## Task brief
Each line from the one bearing "37a49401bde Sofapude fra" through the last line of the entries below should be returned exactly, with pictures left out.

::::

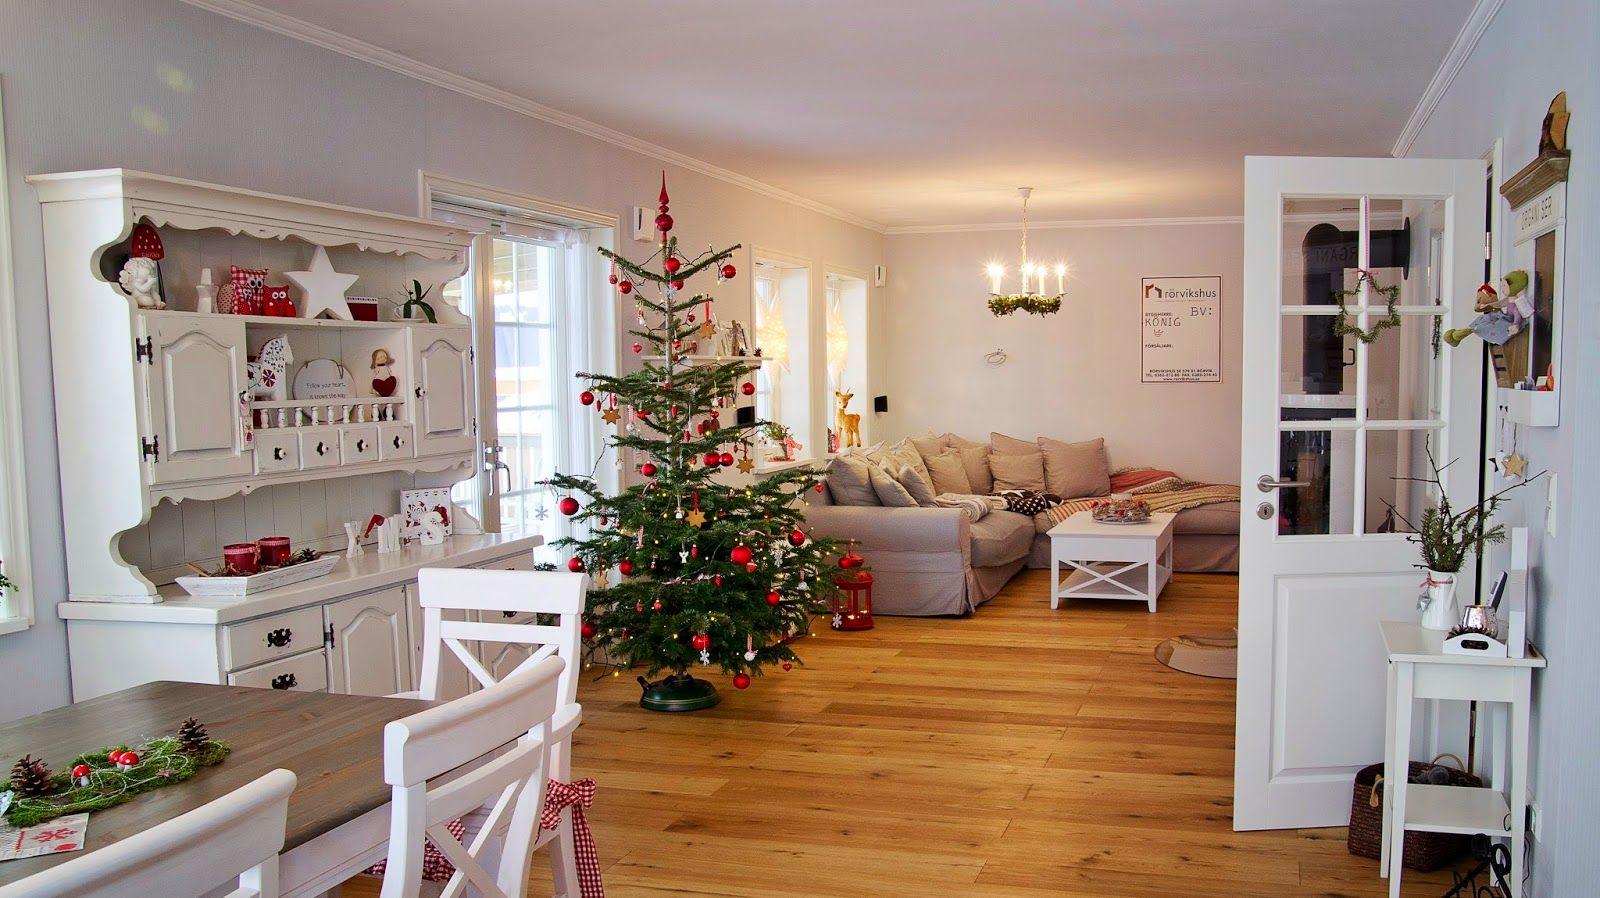 kleine lotta unser schwedenhaus red christmas pinterest schwedenhaus wohnzimmer und wohnen. Black Bedroom Furniture Sets. Home Design Ideas
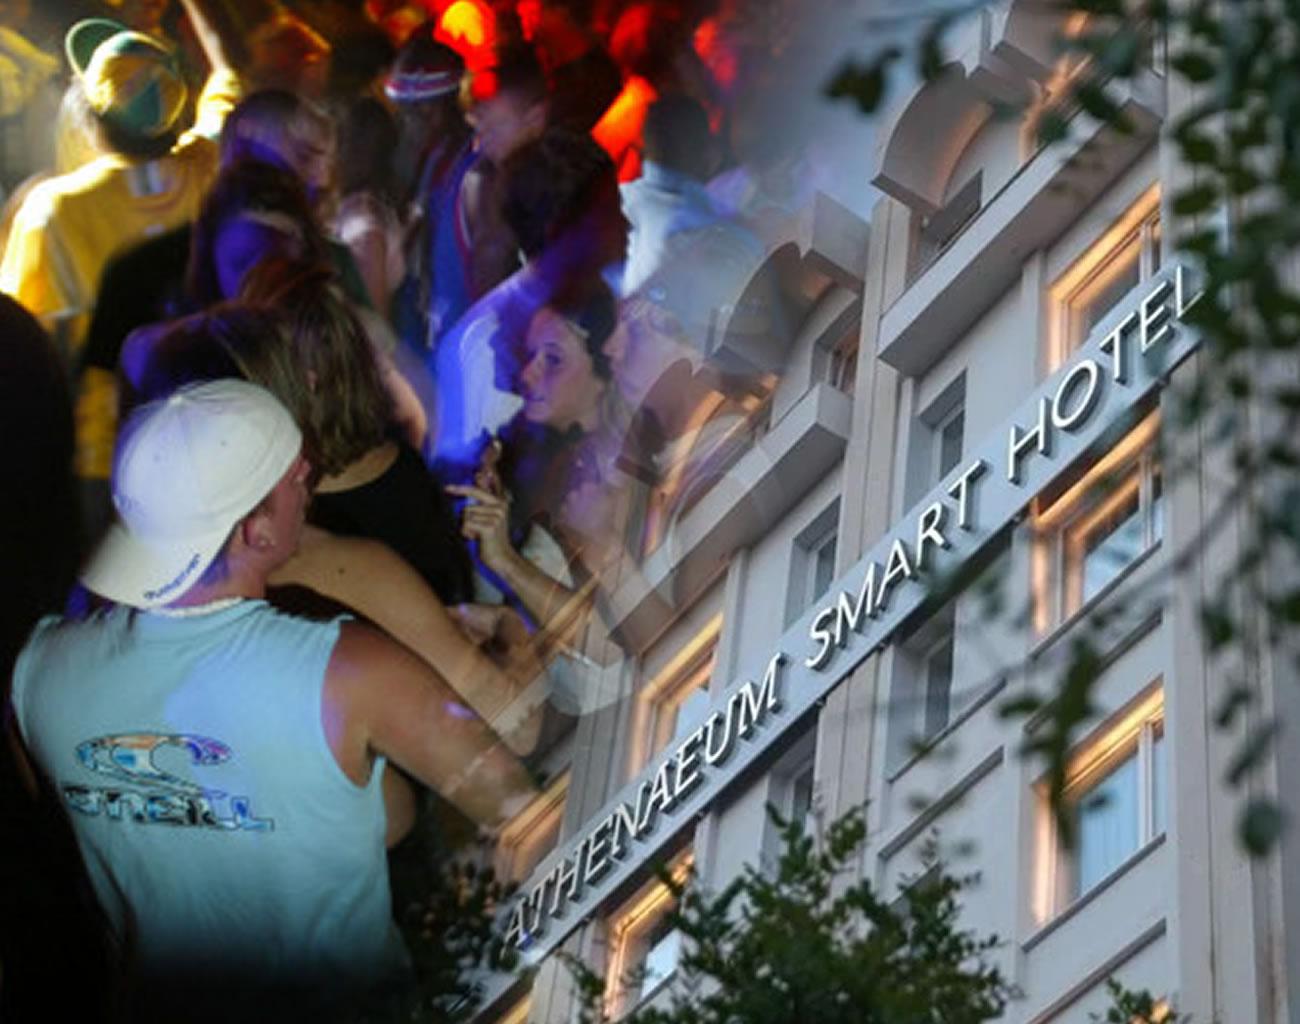 ξενοδοχείο συγγρού,ξενοδοχείο συγγρού,ξενοδοχεία συγγρού,ξενοδοχείο στη συγγρού
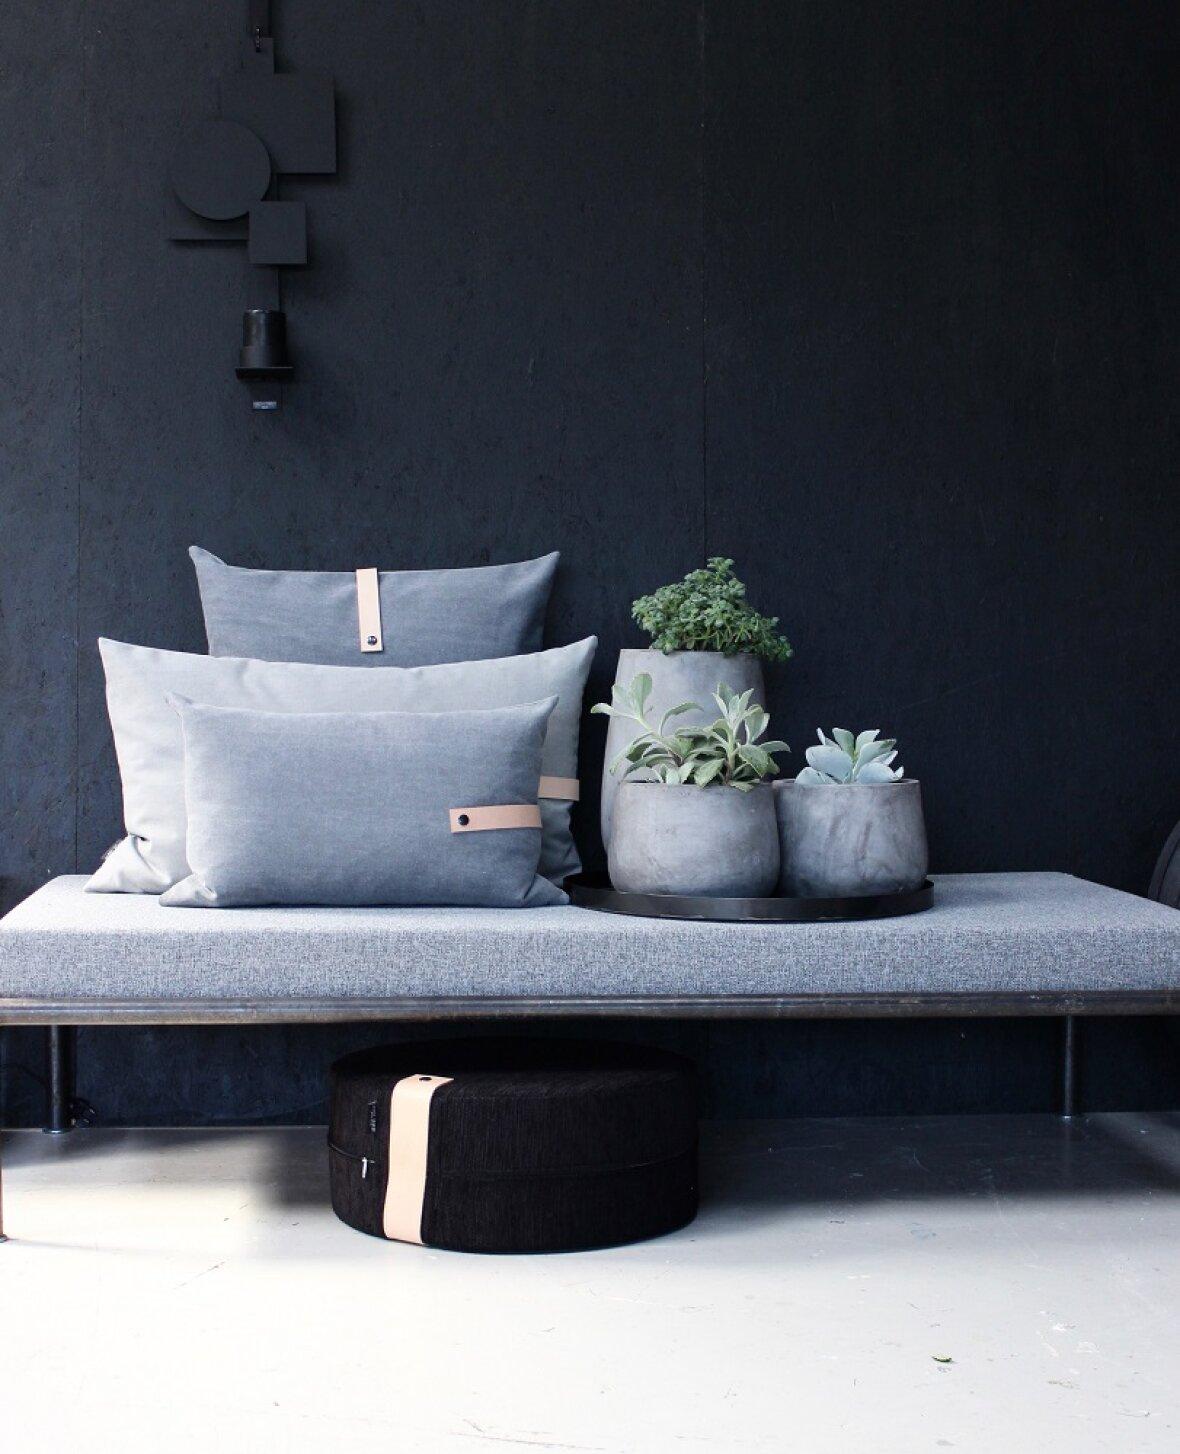 37a49401bde Sofapude fra Louise Smærup - Rå og cool i grå forvasket canvas
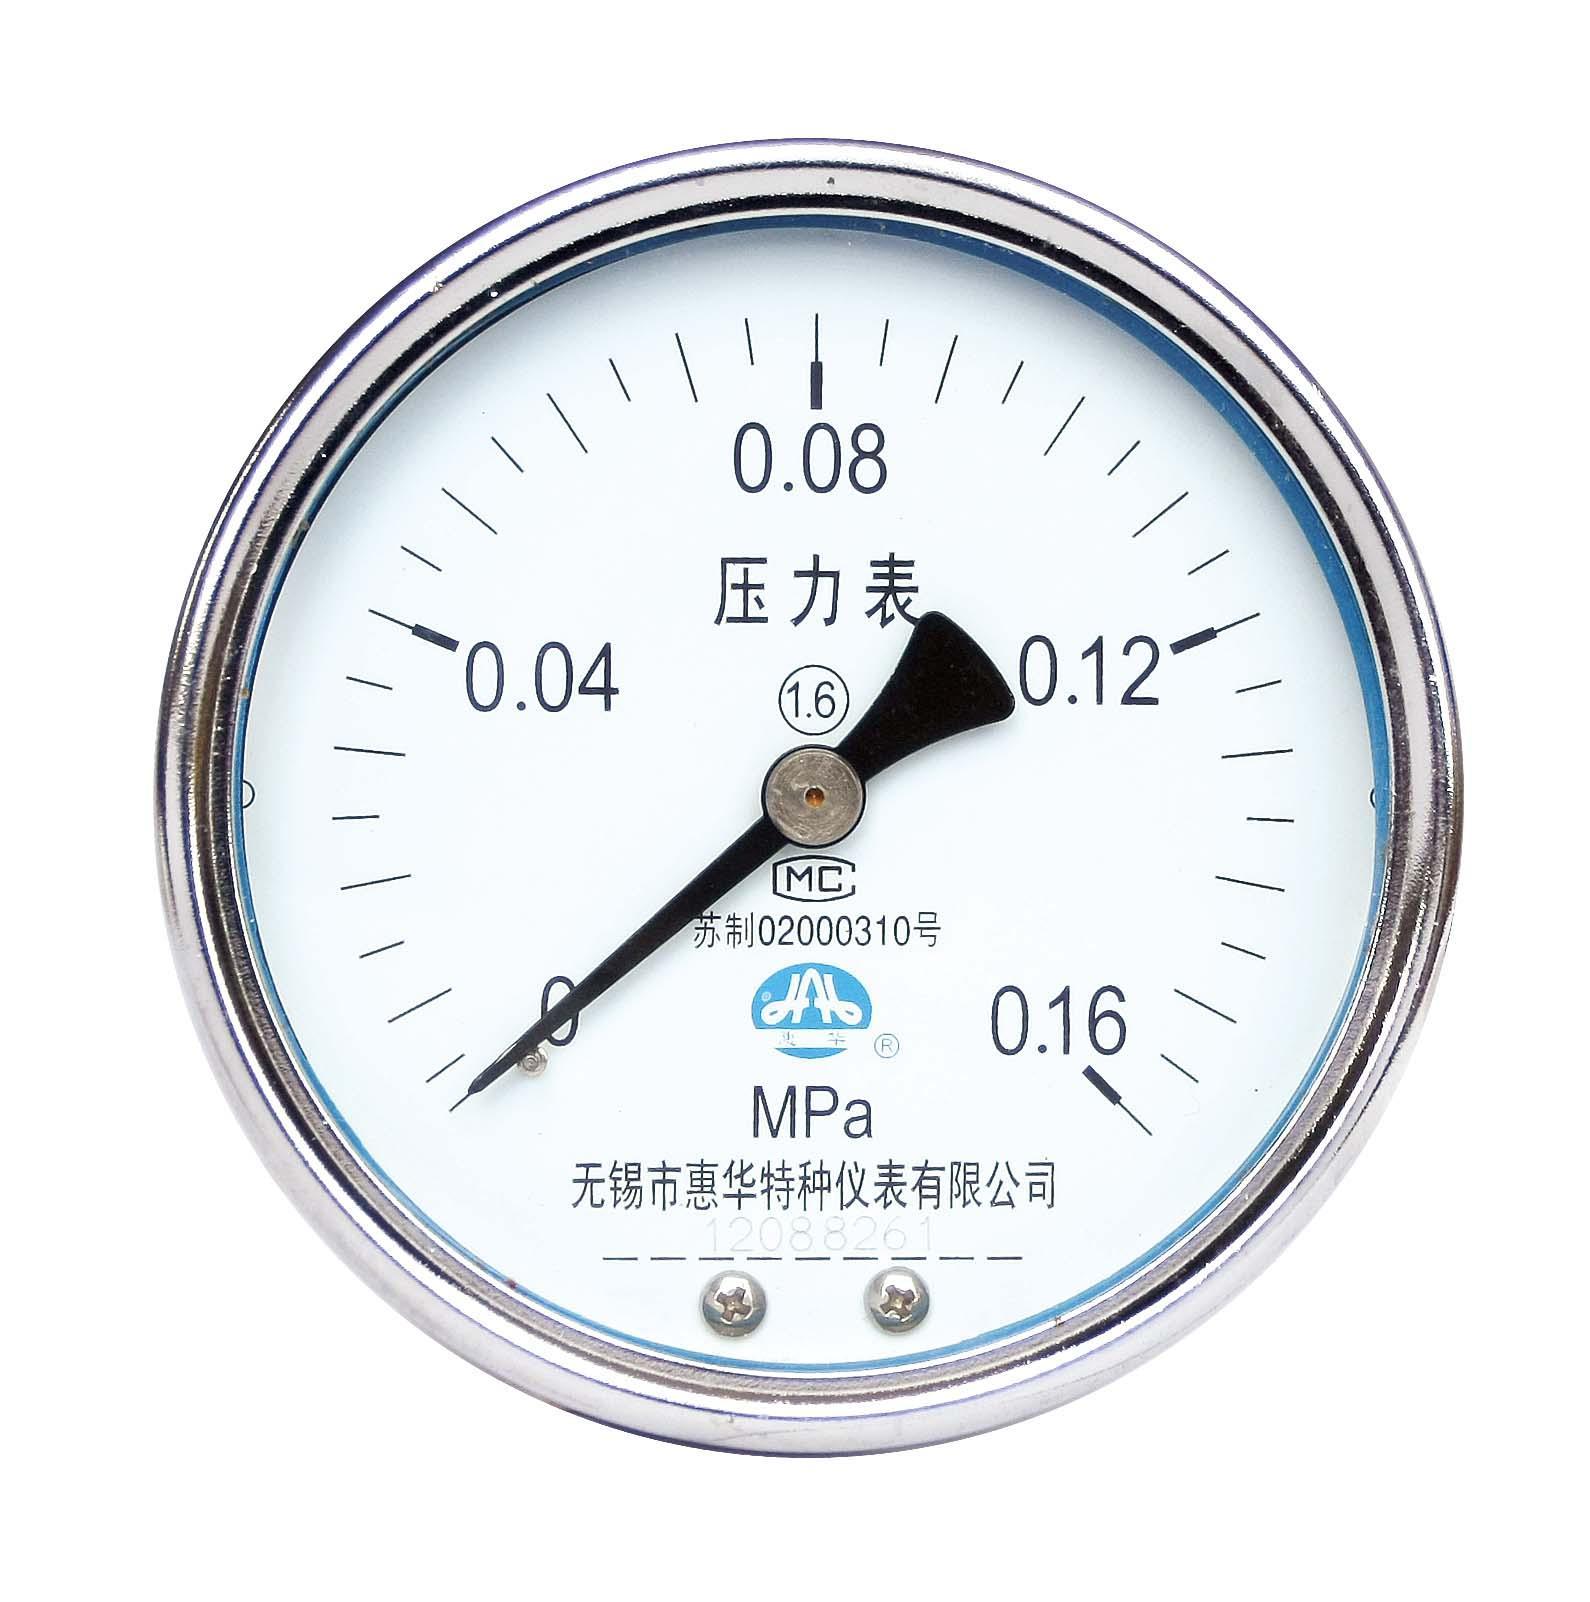 不锈钢压力表 不锈钢真空压力表 不锈钢弹簧管压力表 5
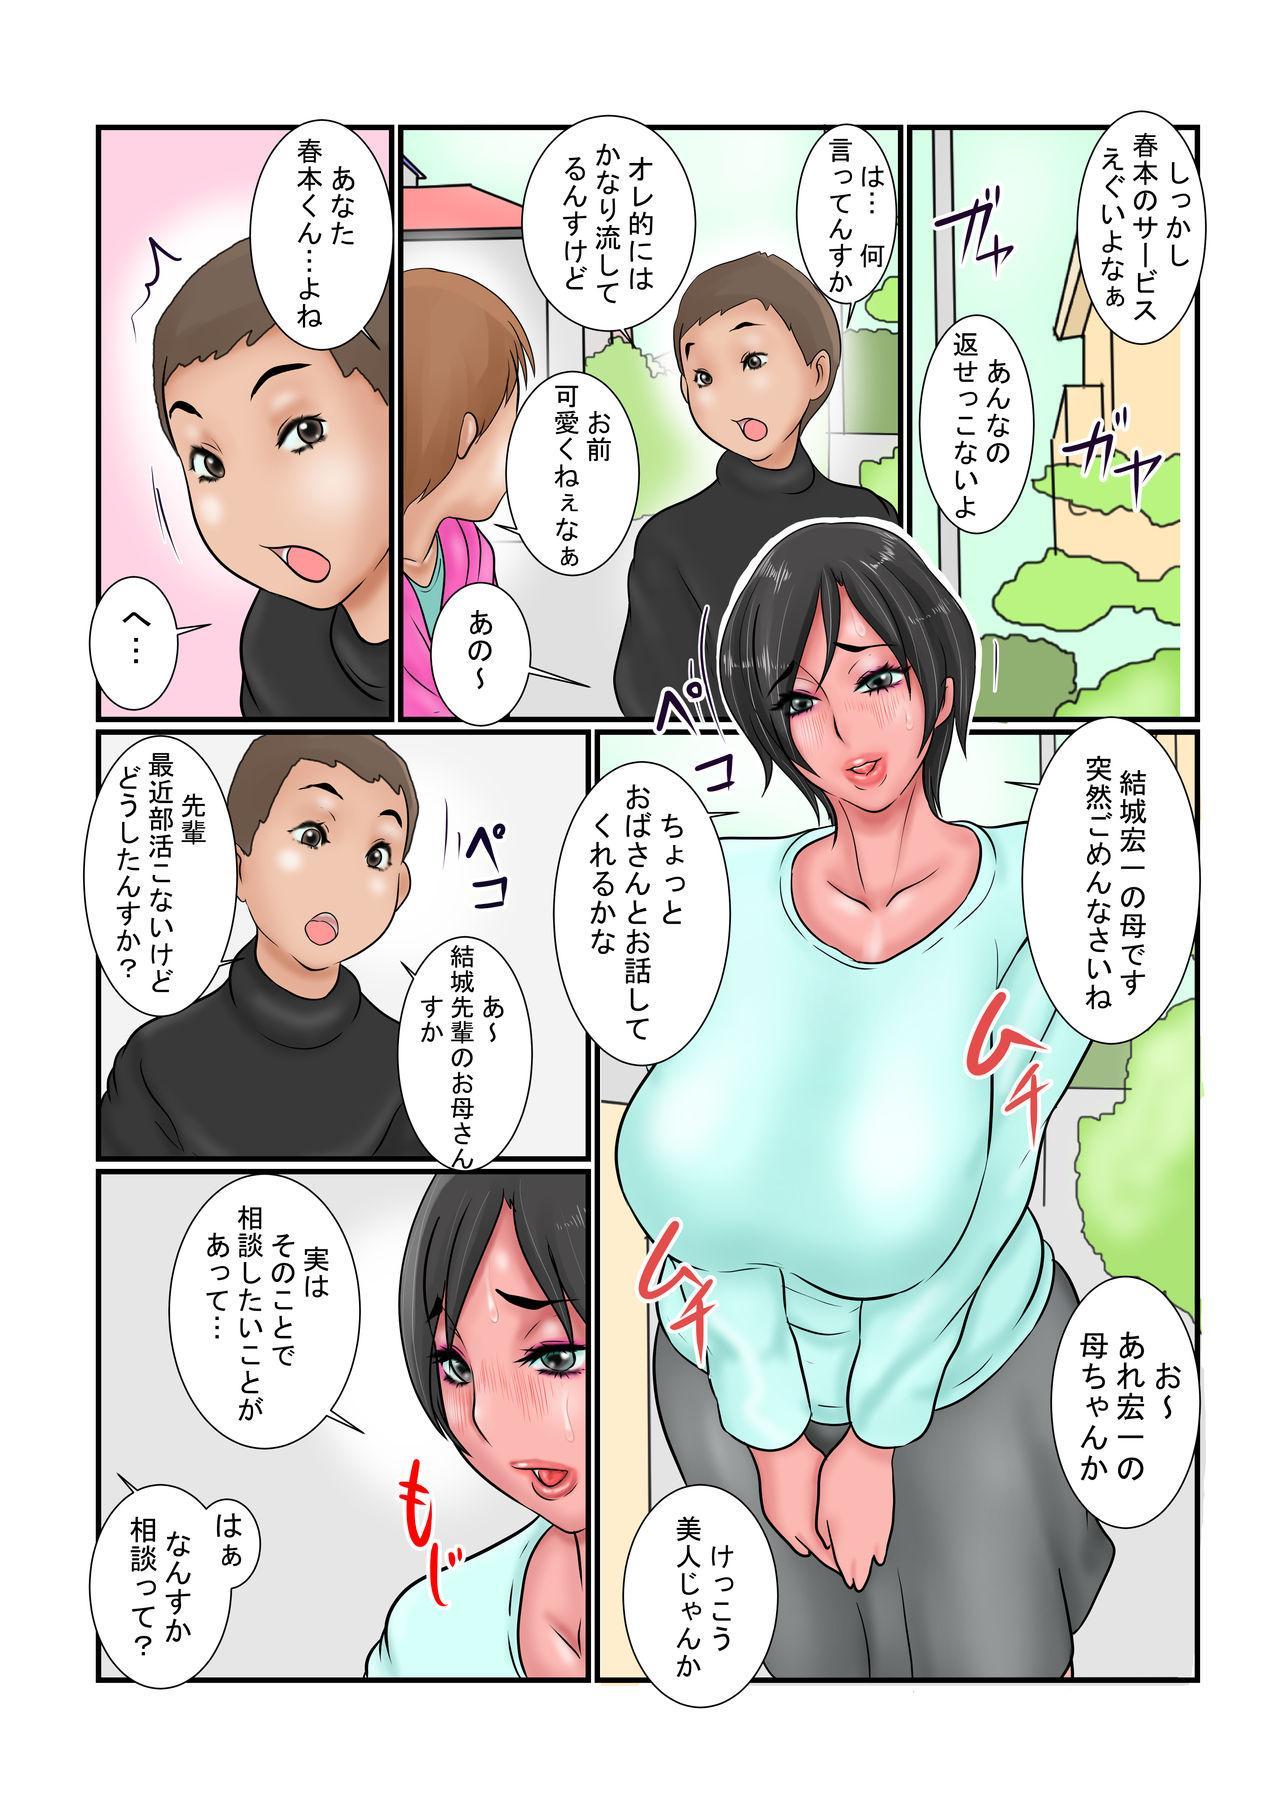 Bosei to Insei Regular no Za o Ubatta Kouhai ni Hahaoya no Karada made Ubawareta Ken 4

::::

## Solution for this problem
 37a49401bde Sofapude fra Louise Smærup - Rå og cool i grå forvasket canvas
 不锈钢压力表 不锈钢真空压力表 不锈钢弹簧管压力表 5
 Bosei to Insei Regular no Za o Ubatta Kouhai ni Hahaoya no Karada made Ubawareta Ken 4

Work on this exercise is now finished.